Problem to work on » Find the line containing "LE910 Hardware User" in the listing below; reproduce it and every line after, exactly. Skip pictures.

Collected data »
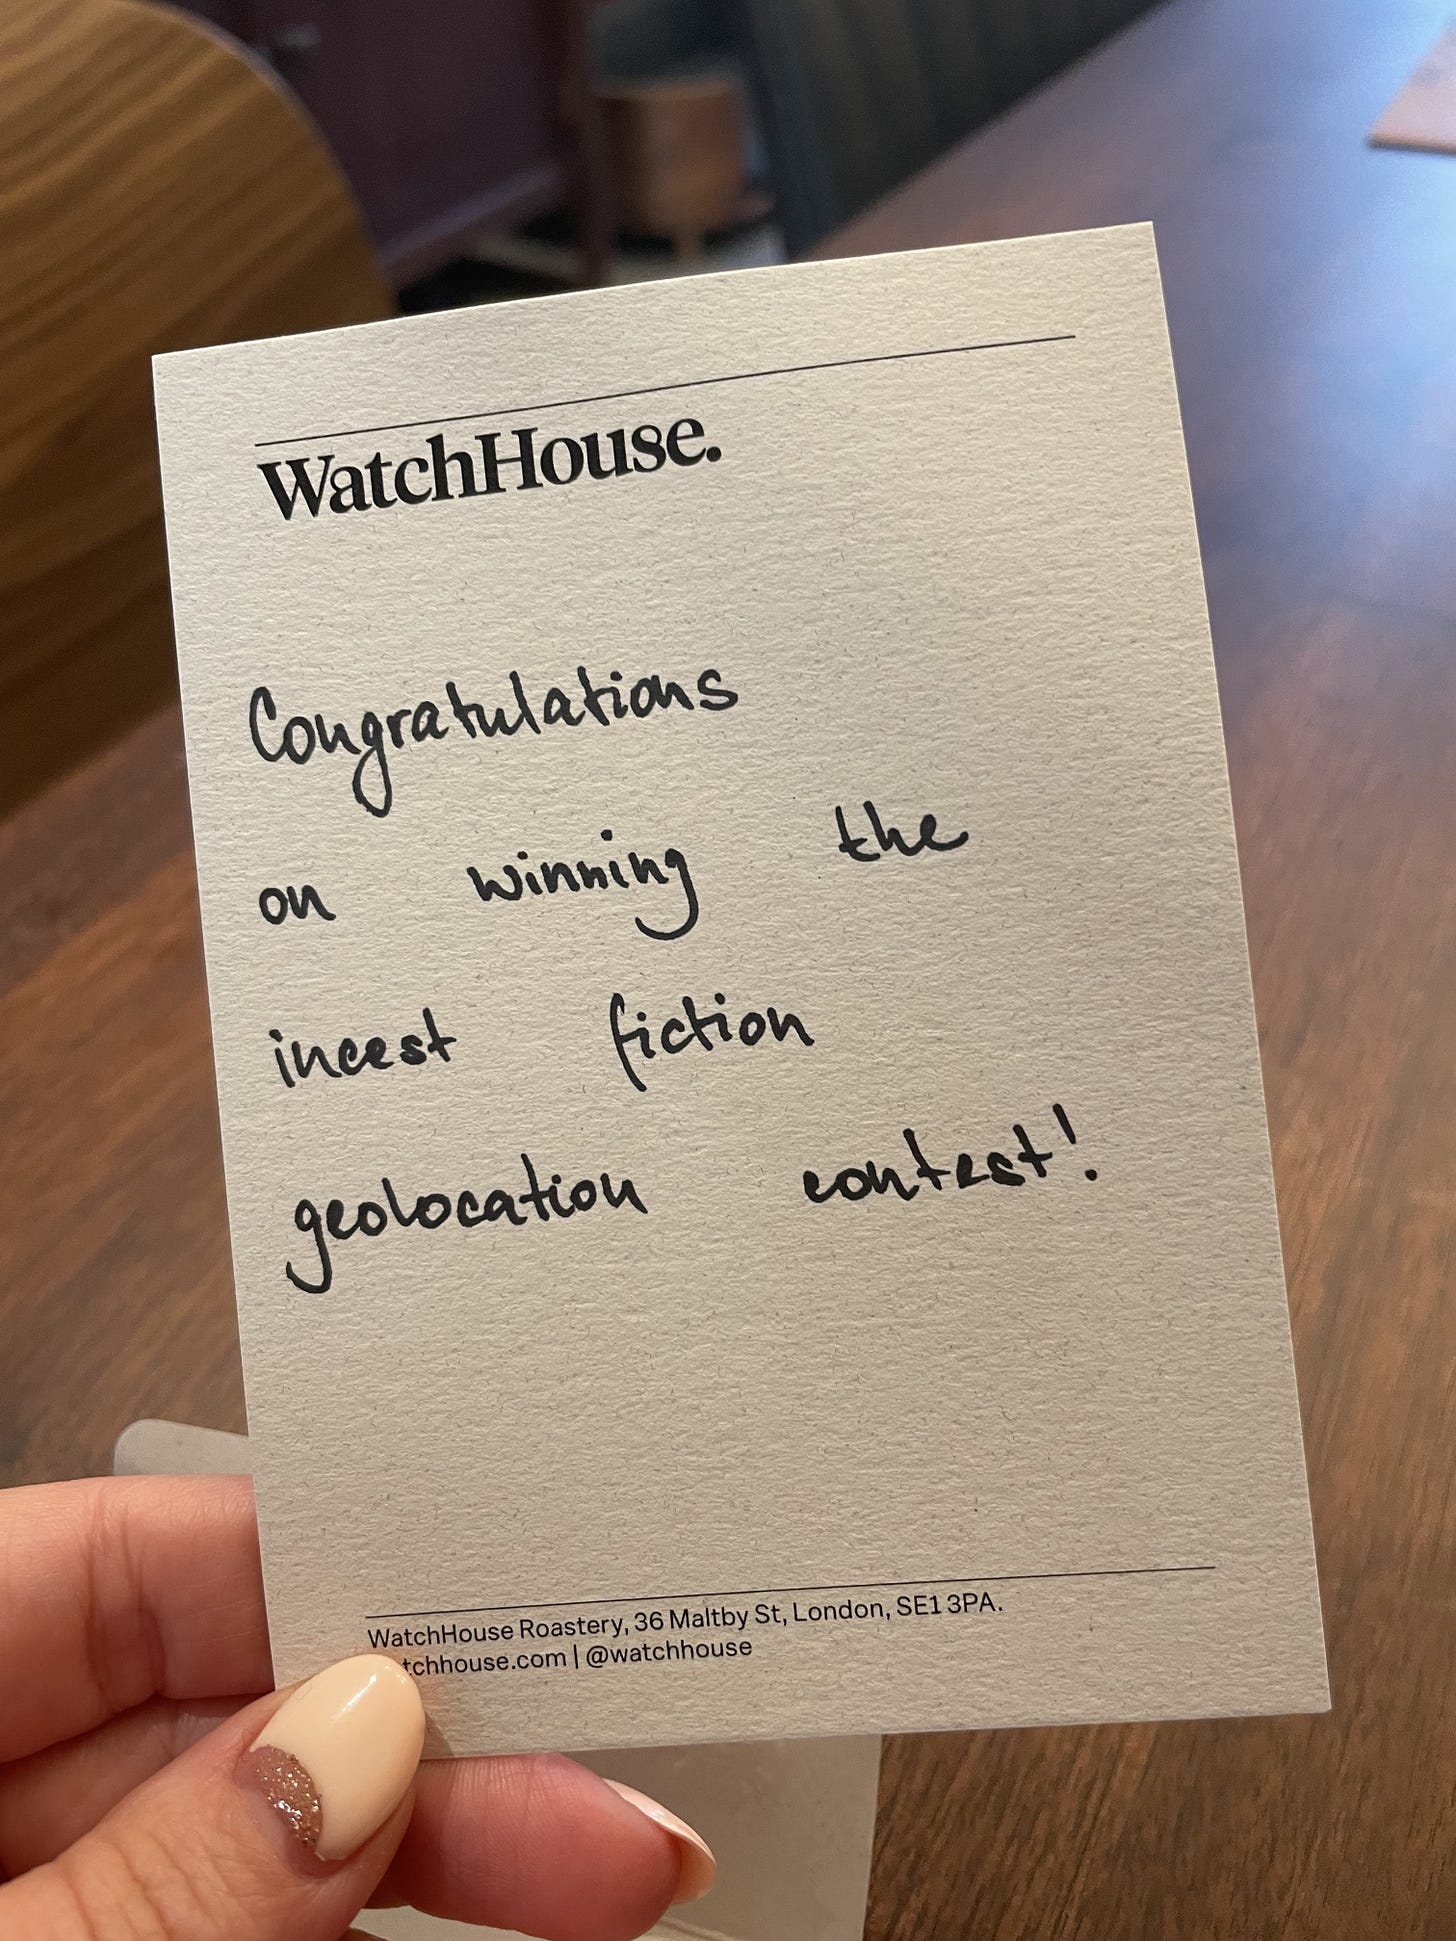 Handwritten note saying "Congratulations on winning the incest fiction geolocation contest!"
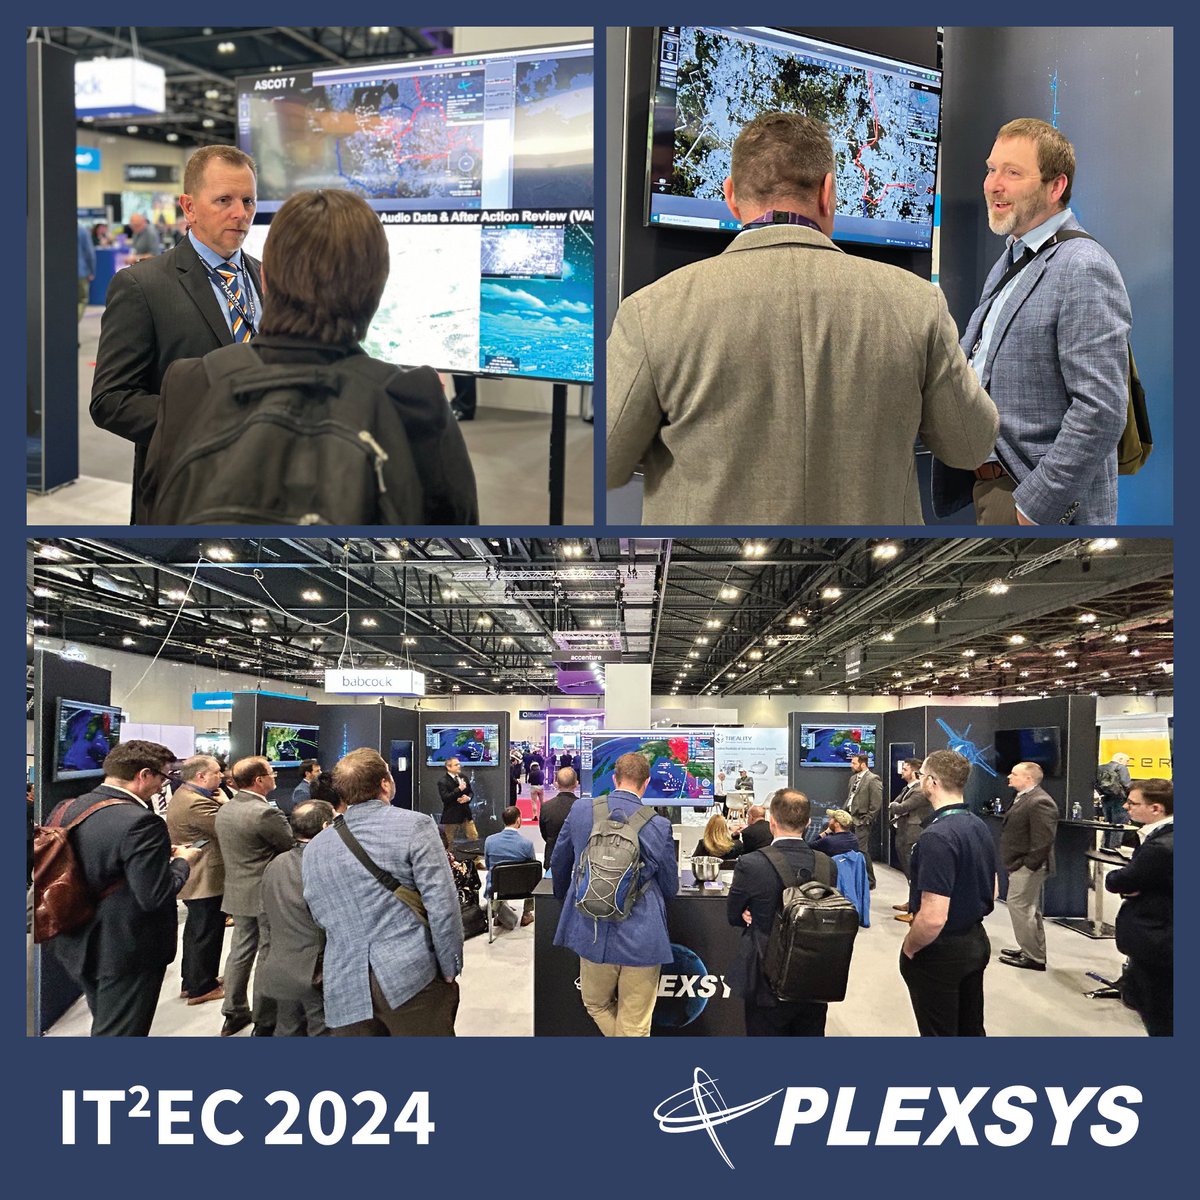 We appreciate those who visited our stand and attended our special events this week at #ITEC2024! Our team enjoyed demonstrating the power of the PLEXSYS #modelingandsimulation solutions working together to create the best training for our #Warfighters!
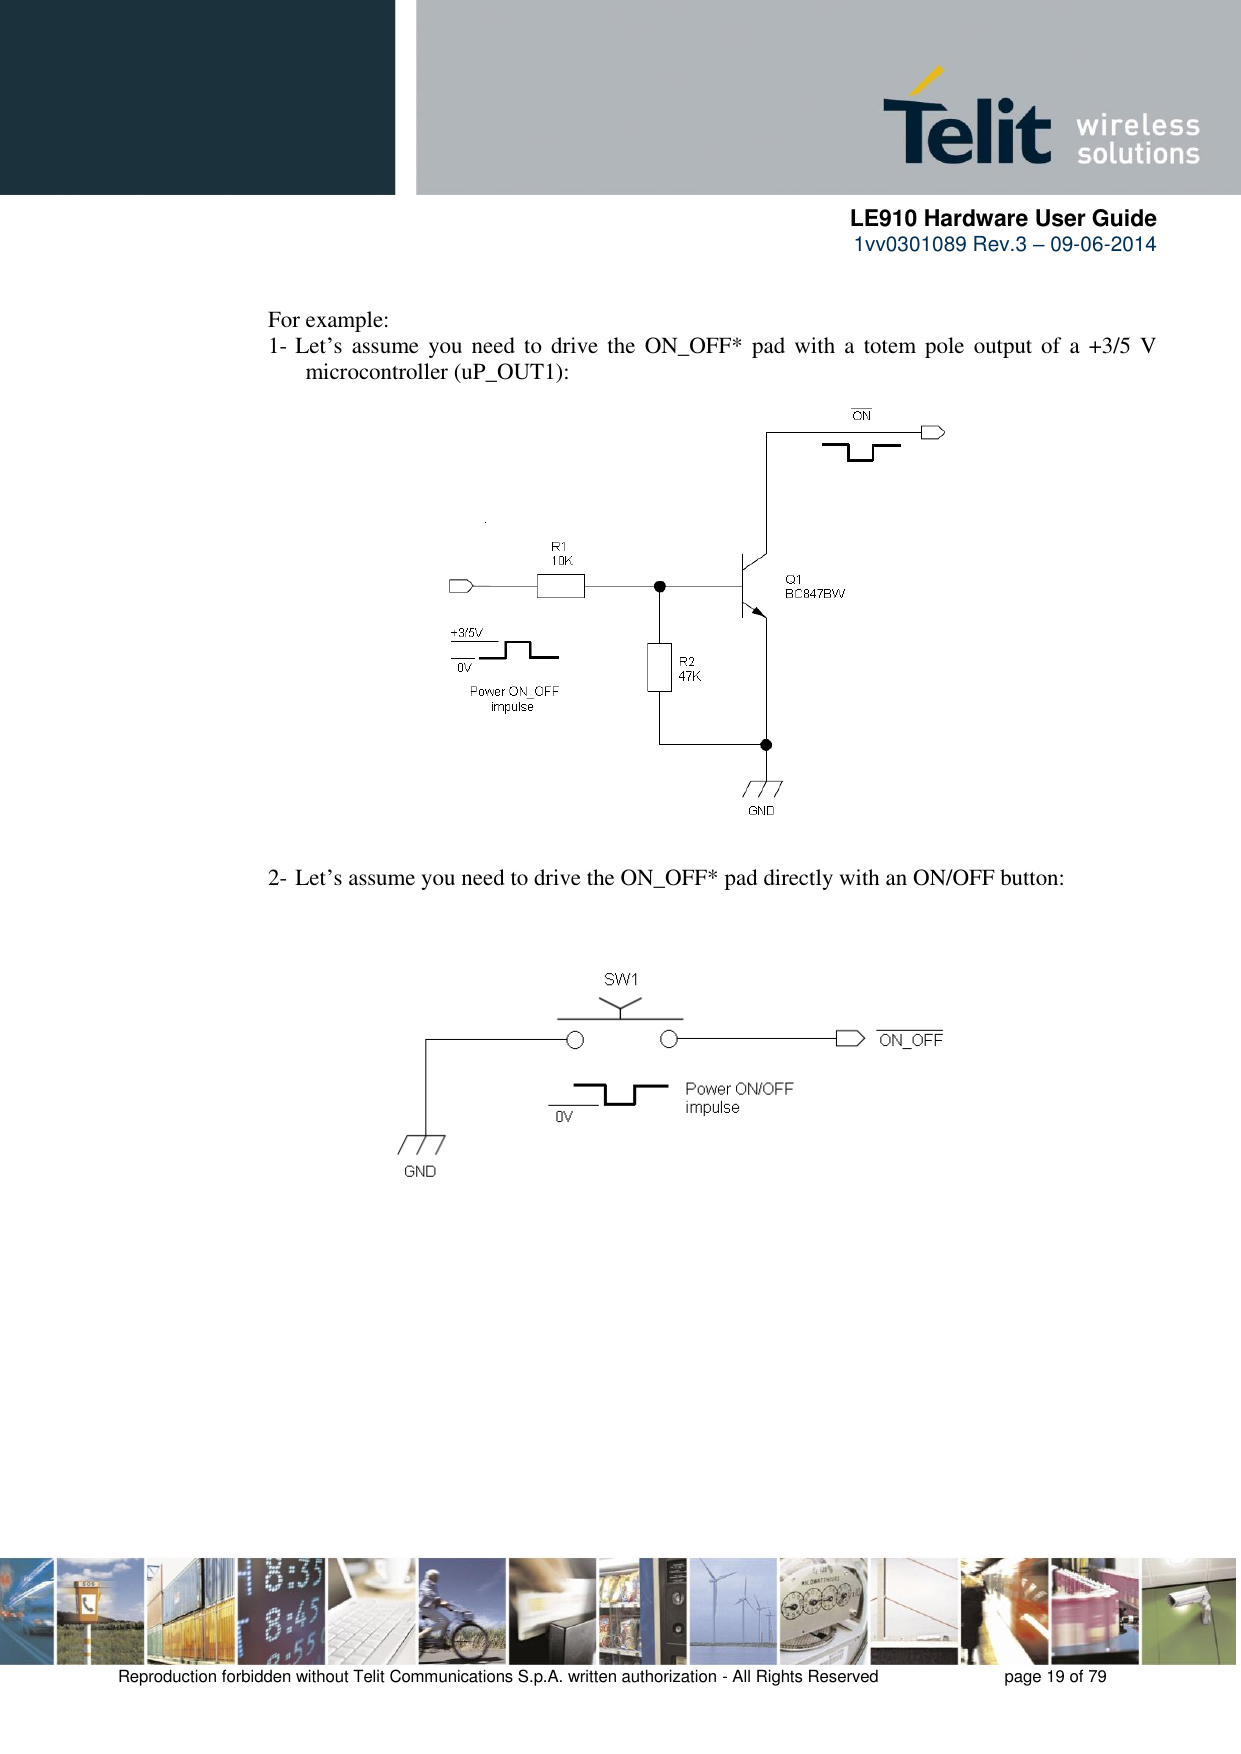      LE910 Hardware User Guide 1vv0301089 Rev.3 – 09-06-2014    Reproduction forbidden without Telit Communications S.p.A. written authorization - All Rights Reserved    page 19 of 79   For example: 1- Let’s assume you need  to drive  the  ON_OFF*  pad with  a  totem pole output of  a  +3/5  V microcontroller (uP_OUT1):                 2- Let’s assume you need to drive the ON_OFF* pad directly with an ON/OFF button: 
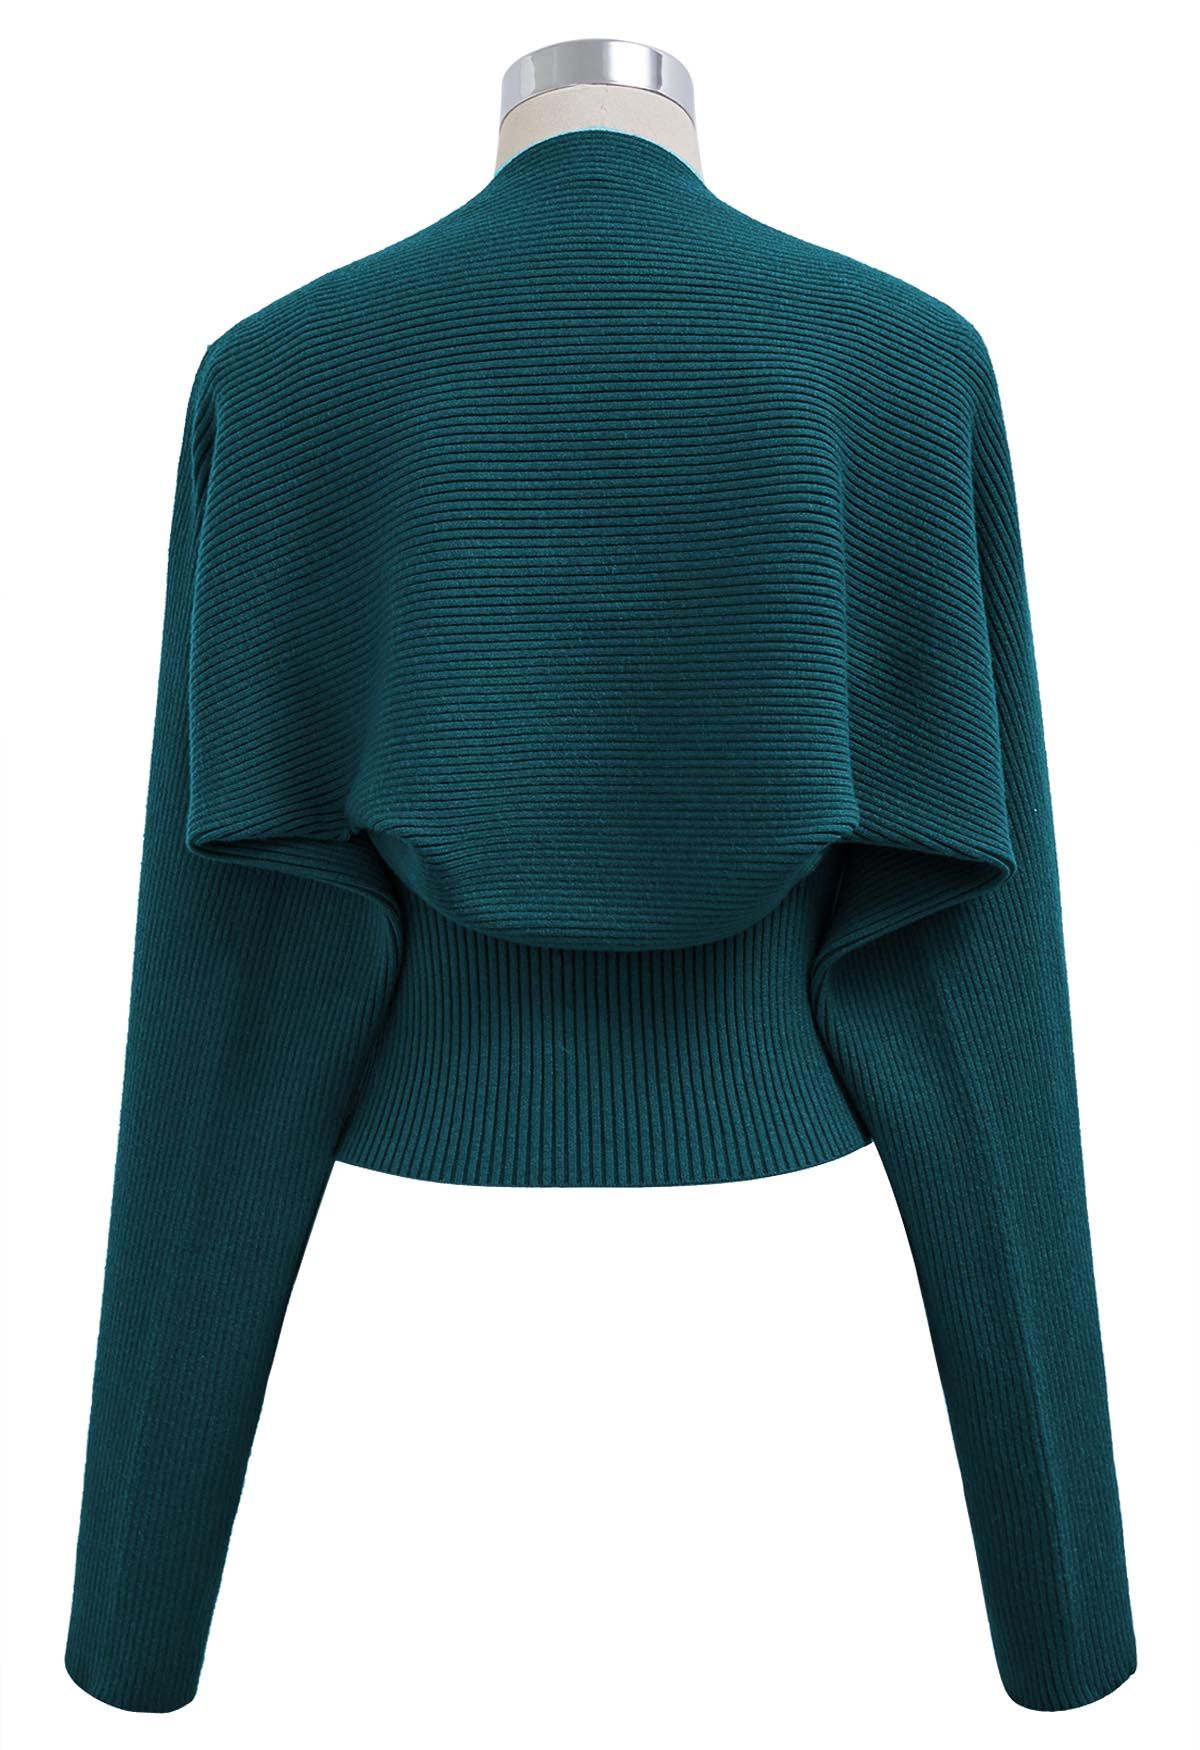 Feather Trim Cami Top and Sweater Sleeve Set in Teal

Response to the task »
      LE910 Hardware User Guide 1vv0301089 Rev.3 – 09-06-2014    Reproduction forbidden without Telit Communications S.p.A. written authorization - All Rights Reserved    page 19 of 79   For example: 1- Let’s assume you need  to drive  the  ON_OFF*  pad with  a  totem pole output of  a  +3/5  V microcontroller (uP_OUT1):                 2- Let’s assume you need to drive the ON_OFF* pad directly with an ON/OFF button: 
 Feather Trim Cami Top and Sweater Sleeve Set in Teal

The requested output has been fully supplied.